I attached a picture - My version is a curved semi circle is that helps. I can take a picture tomorrow if need be. 

Thanks in advance guys


----------



## RonHebbard (Jan 29, 2018)

DannyDepac said:


> Hello Everyone,
> 
> Today I started building a small stage platform for our upcoming musical Sister Act and then I found a cool picture online (after I had built it of course) that would def help "jazz it up"
> 
> ...


 @DannyDepac Perhaps add a few approximate dimensions regarding Circumference, bend radius, uninterrupted length required / desired between joints (Basically how long a continuous length are you hoping to find without having to piece it together where sections end?) This will allow folks to appreciate how tightly you're hoping to curve your translucent material. To be clear [Pardon my inadvertent pun] this is for illumination purposes only, correct? You're not hoping for this material to be structural in the sense of supporting any walking surfaces and live loads, right? 
*EDIT:* The first thing coming to my mind is the pebble-ized translucent panels Home Depot used to sell for laying in T-Bar ceiling grids below incandescent and / fluorescent ceiling lights. These used to be readily available in nominal 1' x 4' and 2' x 4' sizes and were often stocked in pebble-ized clear and milky white colors. If you're hoping to wrap around 20' or 30' feet in a continuous, uninterrupted, length with no light-leaking cracks or ugly, shadowy, seams, obviously 4' lengths aren't going to be to your liking. If what I'm describing sounds like a possibility and you're on an extremely tight budget, you may be able to find some of these panels in a second-hand building material store for very little cost. 
Toodleoo!
Ron Hebbard.


----------



## Amiers (Jan 30, 2018)

4x8 sheets of 1/8” cheap clear plexi/acrylic/lexan plastic. ( Its not cheap ) Then take the orbital sander to it with a 60 grit. Don’t push hard you want to try to get it as even as possible. 

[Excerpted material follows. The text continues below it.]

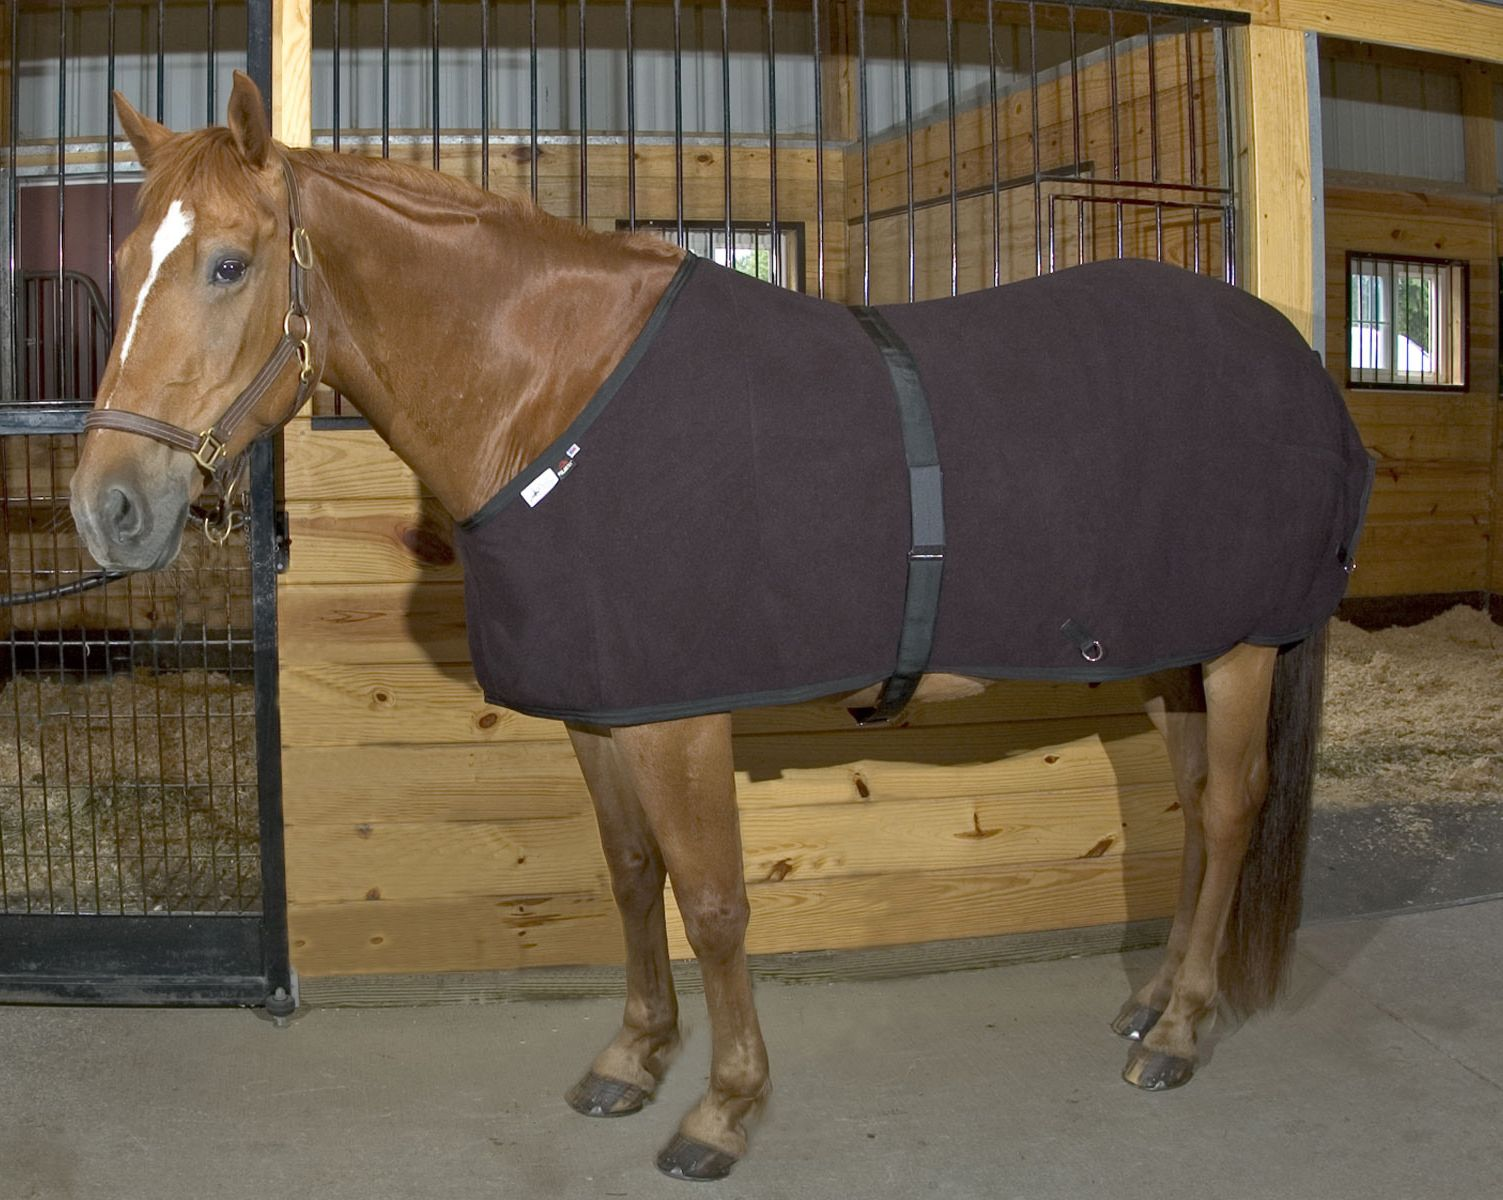 Saratoga Horseworks Deluxe PolarTec Horse Blanket Liner

Then push it through a saw with 120 teeth blade or more. If you feel like it will chip you can tape your line but an even push of the saw or sheet will get a perfect cut. 

Personally I prefer a table saw for plastic vs a panel saw but that’s me. Use whatever you are best at.


----------



## RonHebbard (Jan 30, 2018)

Amiers said:


> 4x8 sheets of 1/8” cheap clear plexi/acrylic/lexan plastic. ( Its not cheap ) Then take the orbital sander to it with a 60 grit. Don’t push hard you want to try to get it as even as possible.
> 
> Then push it through a saw with 120 teeth blade or more. If you feel like it will chip you can tape your line but an even push of the saw or sheet will get a perfect cut.
> 
> Personally I prefer a table saw for plastic vs a panel saw but that’s me. Use whatever you are best at.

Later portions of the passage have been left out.